Last year, there were seven civilian deaths, 77 civilian injuries, and 23 fire fighter injuries related to electrical home structure fires in Michigan, as reported by fire departments throughout the state. The main causes of electrical residential fires were related to heat from powered and operating equipment that lead to 2,344 reported fires. The total dollar loss resulting from those home fires caused by electrical failure or malfunction was more than $34.6 million.
Here are electrical safety tips for home:
– Never throw water on an electrical fire! Water conducts electricity. Electricity from the fire can shoot through the water and expose you to electrocution.
– Replace worn out electrical cords, switches and outlets.
– Minimize the use of extension cords. If you do use extension cords, don’t overload them or plug them into one another. Use cords according to indoor/outdoor ratings.
– Don’t overload outlets with too many appliances.
– Keep hot irons and curling irons out of reach of small children and away from water.
– Charge laptop computers, iPads, and cell phones on a hard surface such as a desk or countertop – never charge them on a bed or chair that could overheat and catch on fire.
– Don’t overload electrical circuits. Surge protectors protect equipment, but they do not provide protection from the potential hazards of an overloaded circuit.
– Properly childproof outlets by installing tamper-resistant receptacles that offer a permanent solution to outlet covers. All 15A-20A and 125v outlets throughout your home must be tamper resistant. Built-in shutters prevent foreign objects from being inserted into the outlet.

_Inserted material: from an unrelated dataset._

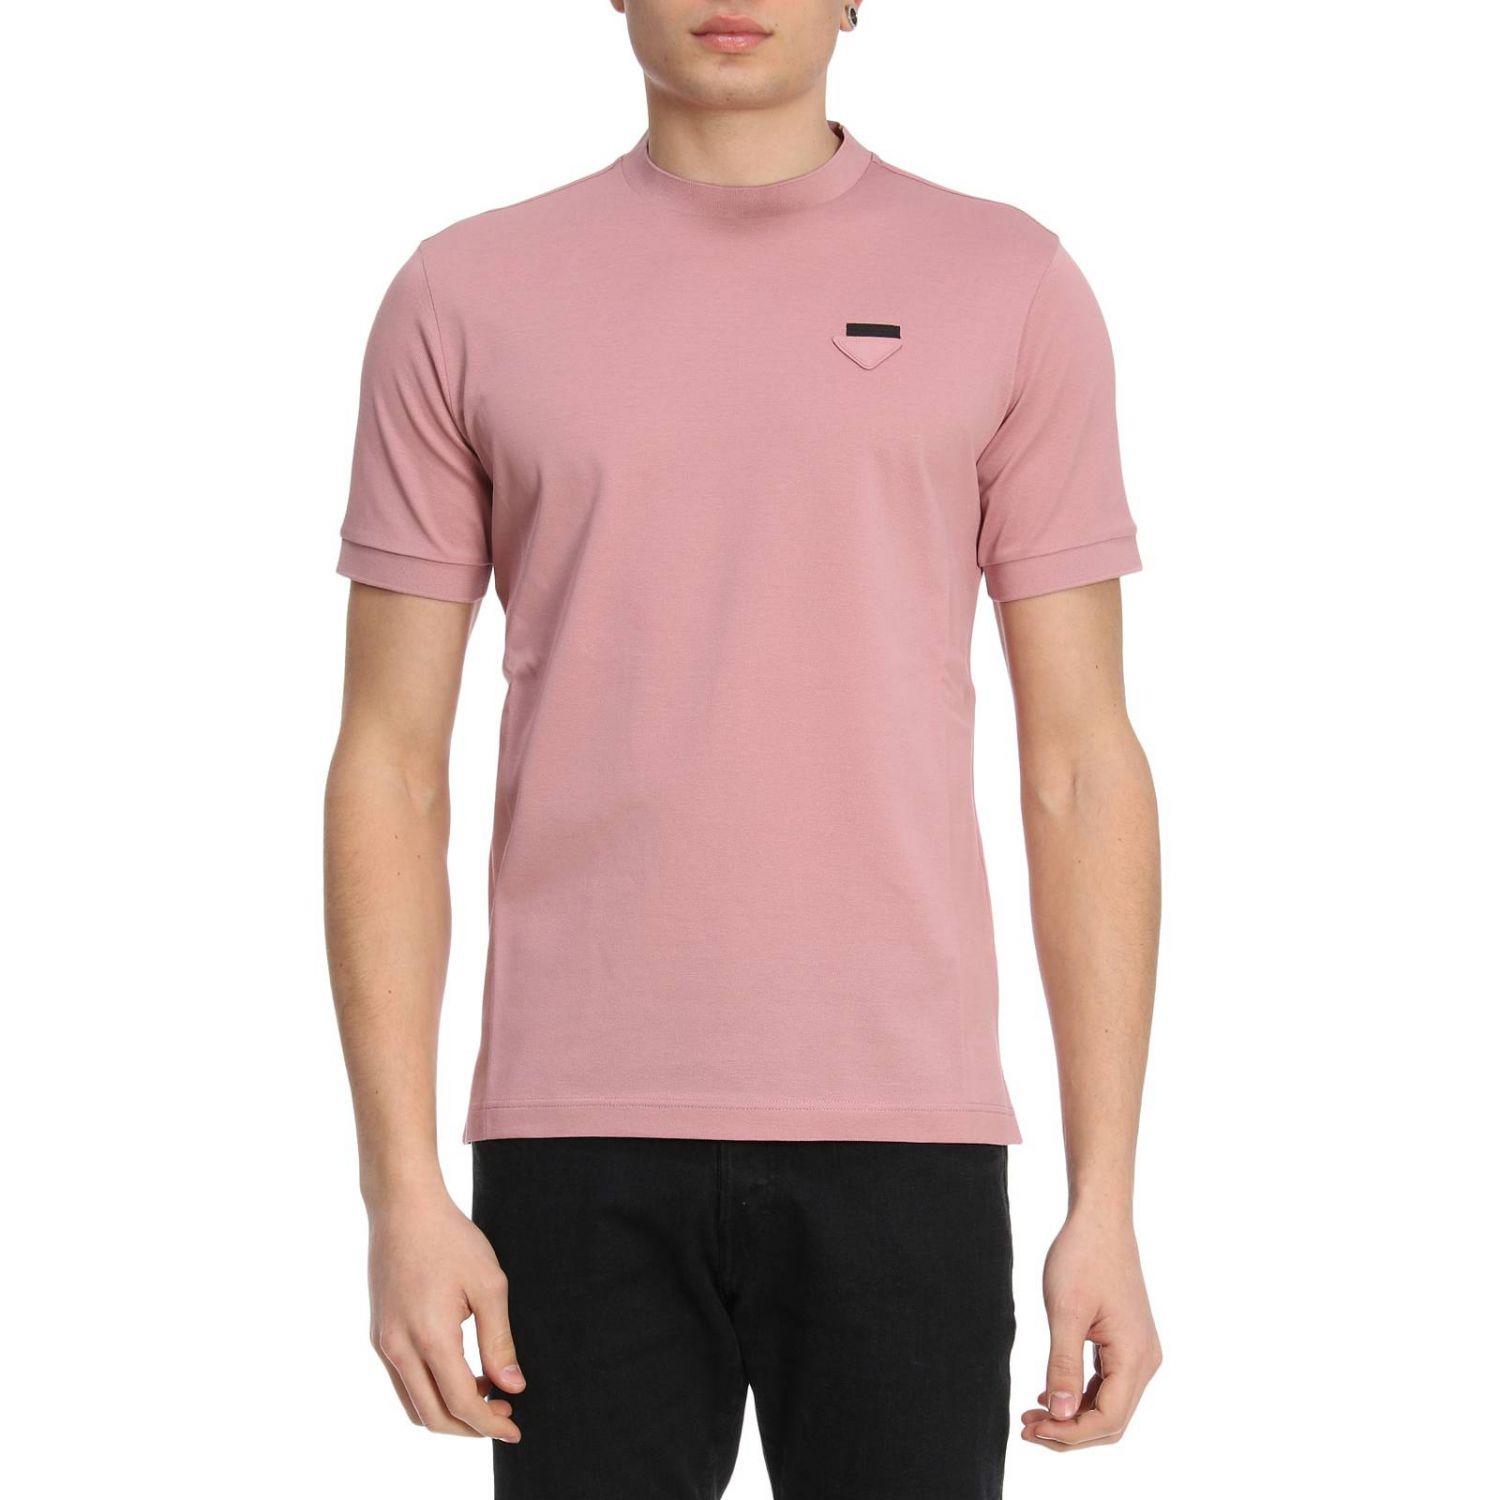 pink prada shirt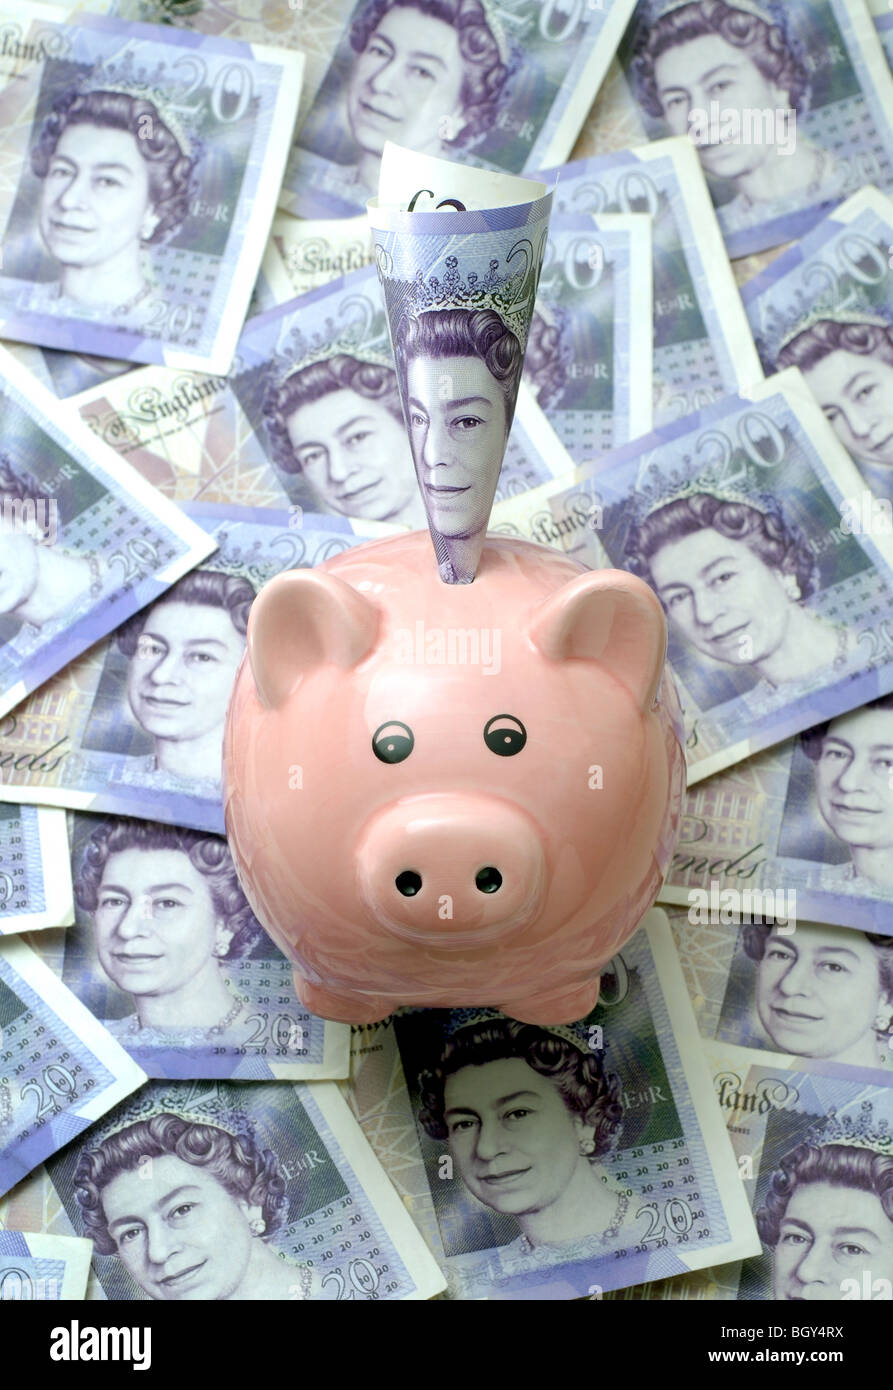 PIGGYBANK circondato da venti British pound note re l'economia dei redditi del risparmio il budget familiare la recessione soldi contanti UK Foto Stock

– Properly protect your home against ground faults with the correct installation of Ground Fault Circuit Interrupters (GFCIs) — your best protection against electrocution. GFCI protection is required for kitchen countertops, bathrooms and laundry area, garage, crawl space, dishwasher, and all outdoor outlets including those located on balconies, decks, and porches, and outlets within 6 ft. of a sink, bathtub or shower.
– Keep valuable electronics safe with surge protection. A power surge is a sudden and unwanted increase in voltage that can damage, degrade, or destroy electronic equipment. Surges can occur when large appliances, such as air conditioners, turn on and off. No surge protection can handle a direct lightning strike. Disconnect sensitive electronics if a thunderstorm with expected lightning is on the way.
– Consider having whole home surge protection that protects your entire electrical system including large appliances, outlets, and light switches. This option protects against larger surges and provides longer lasting surge protection than point -of-use devices. A qualified licensed electrician must install it under a permit.
– When purchasing or using electrical products, look for the independent testing laboratory mark such as Underwriter’s Laboratories (UL), to confirm compliance with industry safety requirements.
Call a licensed electrician right away if you have any of these warning signs:
– A circuit breaker that trips immediately after it is reset shows there is an electrical problem.
– Dim or flickering lights, bulbs that wear out too quickly.
– Unusually warm or overheated plugs, cords or switches.
Call the fire department immediately anytime you hear a buzzing or hissing sound, or smell something hot or burning, and get out.